I think it was payday, January 28th,at approximately 3am I purchased my flight to Moscow for April later that (this?) year. The idea popped into my head a few months before – I knew I wanted to go somewhere alone, where I didn’t know anyone. I needed to do some independent travelling again, but nothing too big. Somewhere that would be interesting and I could keep my mind busy. Somewhere I could explore and learn, rather than sit back and watch the world go by, alone with my often terrifying thoughts. I didn’t know what to expect, and wasn’t even particularly looking forward to it. I just knew it was something I had to do. If I get an idea in my head, and no other one pops up to replace it, it WILL happen. After two months of no travel (seriously) I went to Marrakech with Suzy, a big stepping stone after the events of the previous six months. But this time, using the words of Lickety Split as inspiration, I’m going alone.

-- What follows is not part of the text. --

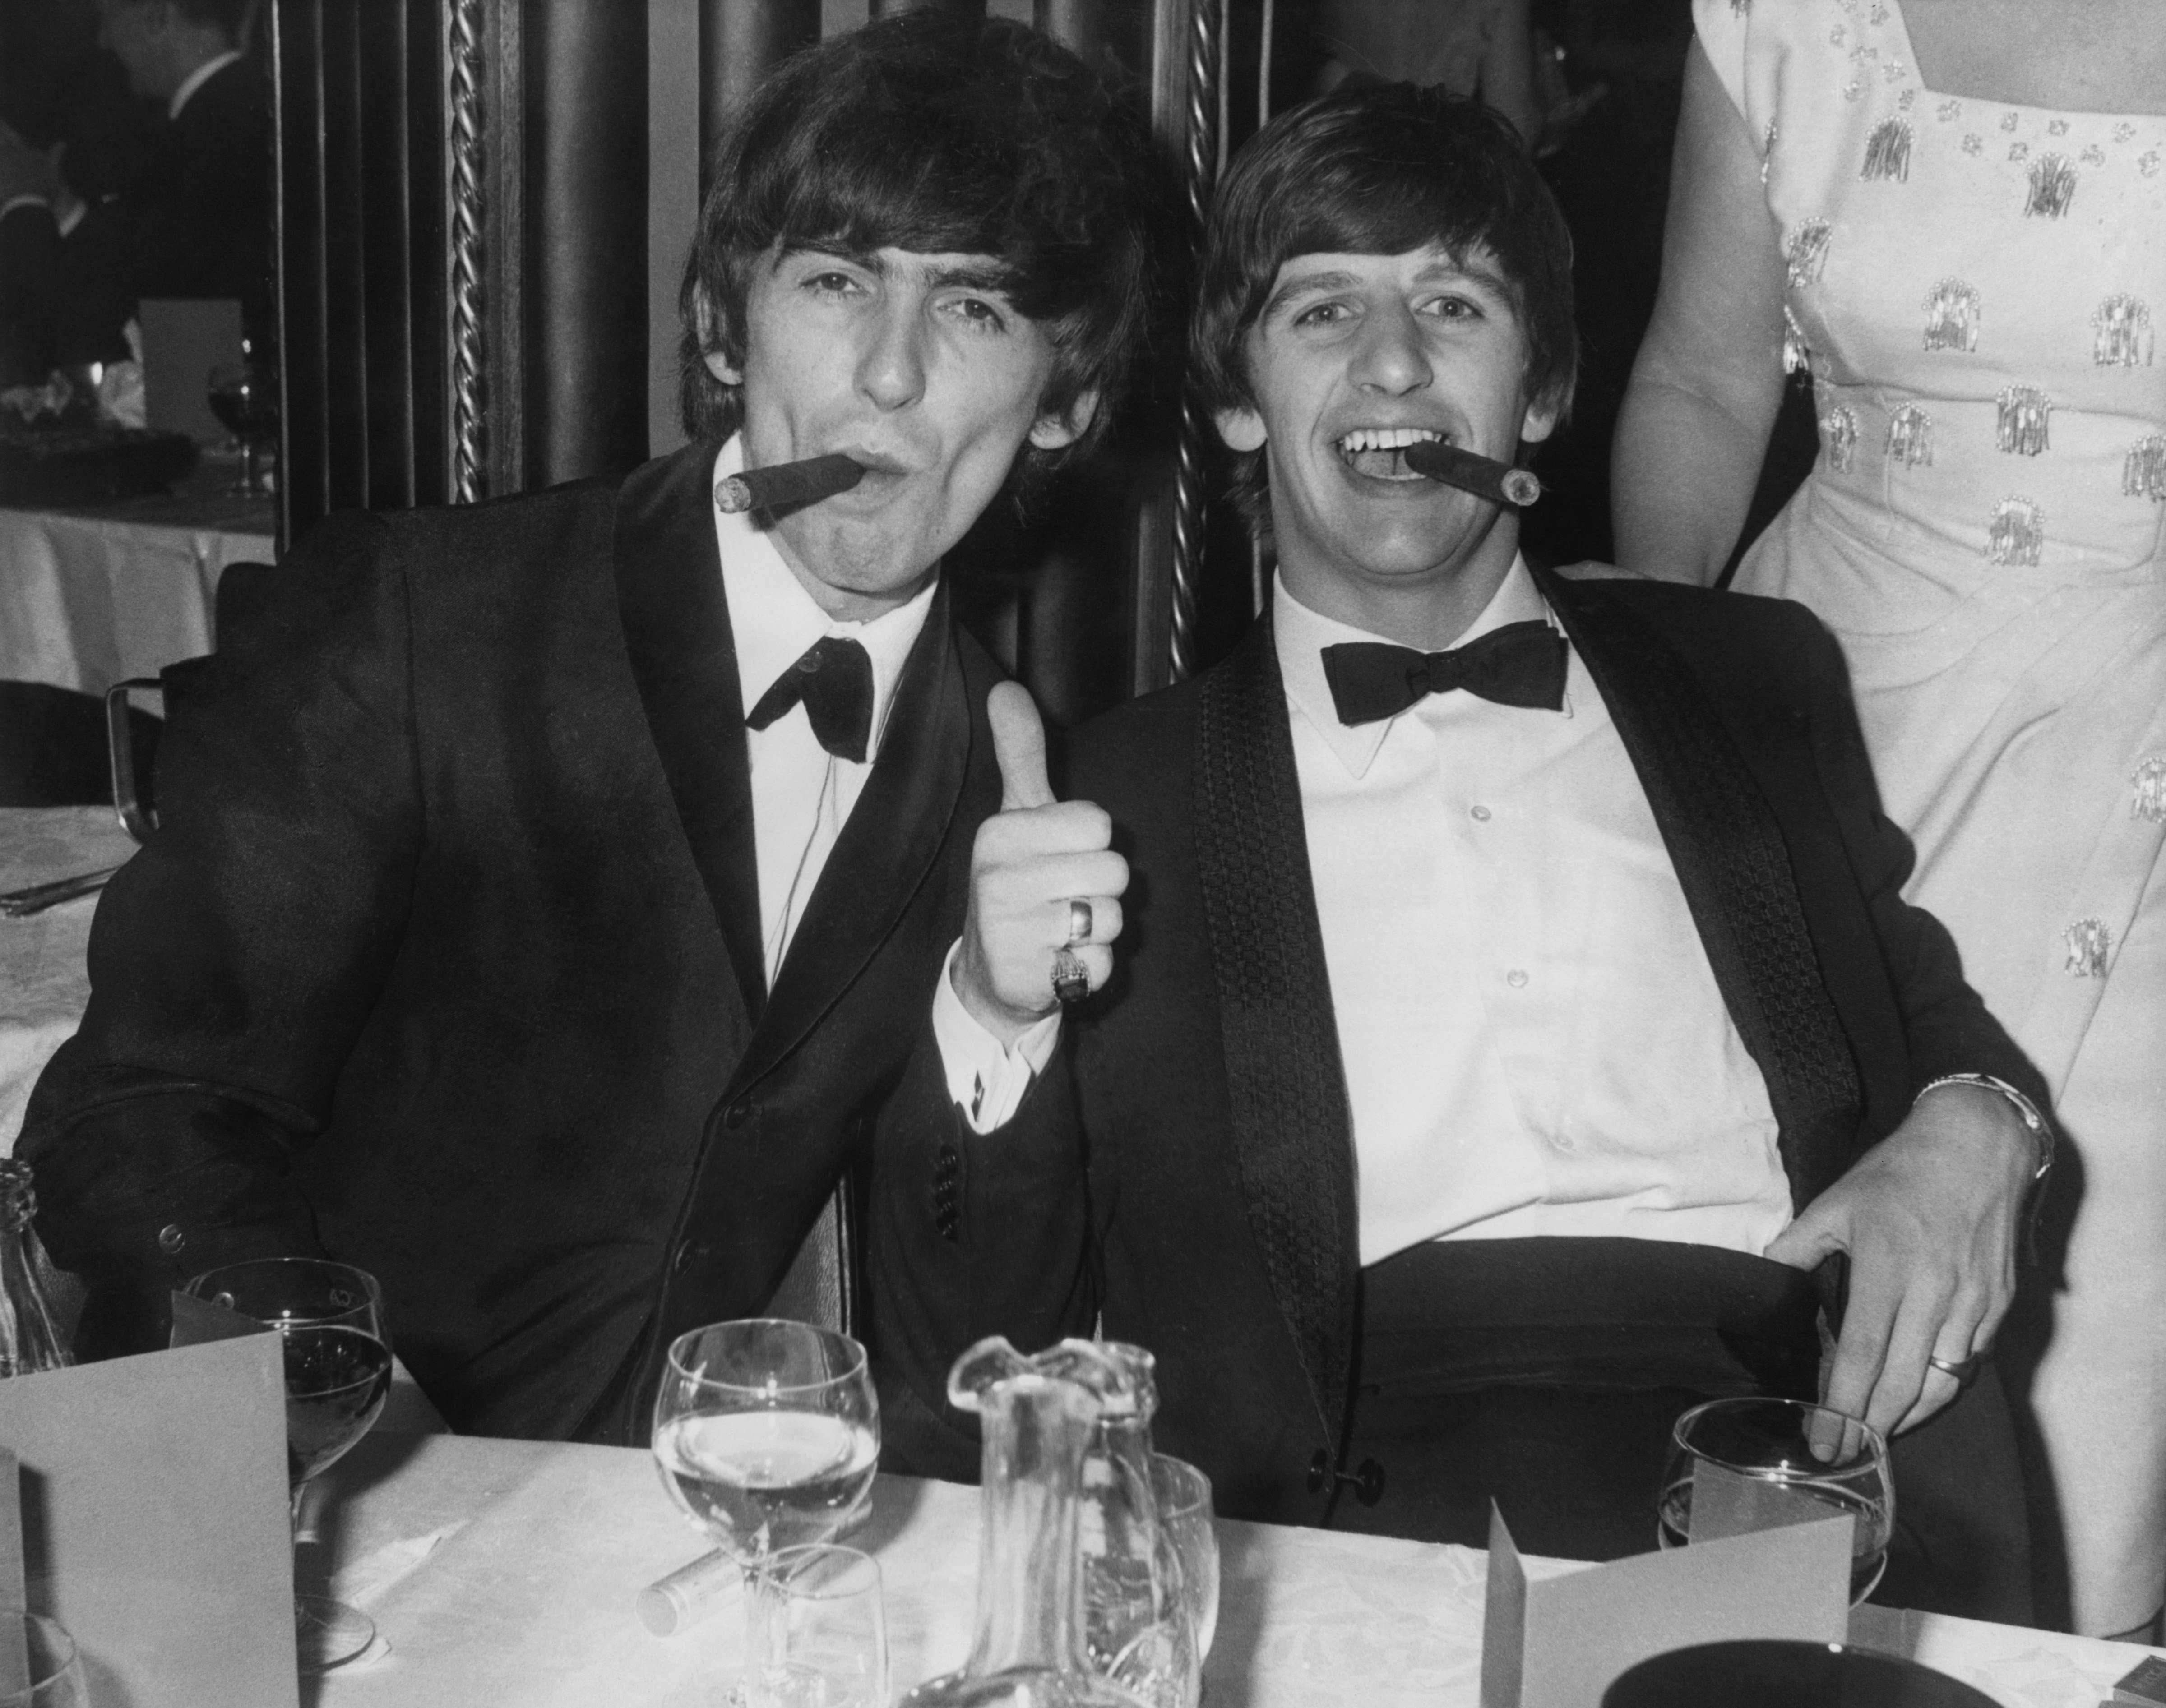 Beatles band mates George Harrison and Ringo Starr sit together during a 1964 awards show. Both are dressed in tuxedos and smoking cigars, while Starr gives a thumbs up.

So flights booked, I started the arduous process of obtaining a visa. I’d had some practice from work and knew what to expect.
Some questions pretty easy; ‘no, I had not been convicted on terrorist charges.’
Some took a while; ‘list every country you have visited in the last 10 years, with dates.’ Here I actually ran out of space so just made sure all the ones in my passport were covered.
Others, a little more confusing ‘have you ever had a Russian Visa?’ Yes, I thought. I went to Russia in 1989. But on looking at my old passports, and my parents old passports I could find no evidence that any of us had visited the USSR. ‘No, I have never had a Russian Visa.’
Being brutally honest, prior to this trip, I’ve not held the highest opinions of Russia. Born out of a mix of deep family prejudices (my mother and her family left Latvia as refugees in 1944), studying modern Russian history, and more recently studying the country in regards to Human Rights. But I know just because I think something DOES NOT mean I’m right. Here, I was ready, and wanted to be proved wrong.
Early wake up, en route to Moscow I felt pretty alone, confused (in the vein of ‘what the fuck am I doing?’) but okay; armed with Humpty & my Dr Seuss bible. Thankfully the easyjet flight was practically empty. They had only started the route a couple of weeks before I bought the flights.
Just about to land I looked at the window, and thought, (and wrote in my beautiful leather bound Arsenal journal) “so what the fuck is that? Is it sand? Is it snow? It’s 16*C. Maybe it takes a long time to melt here. Yes. it must be snow. Why would it be sand? Weird. Almost landing and my brain is like ????
But one step at a time. One activity at a time. I can do this on my own. I always have. The support is invaluable, but ultimately what I’ve done. The good AND the bad, is, and has always got to be, down to me.”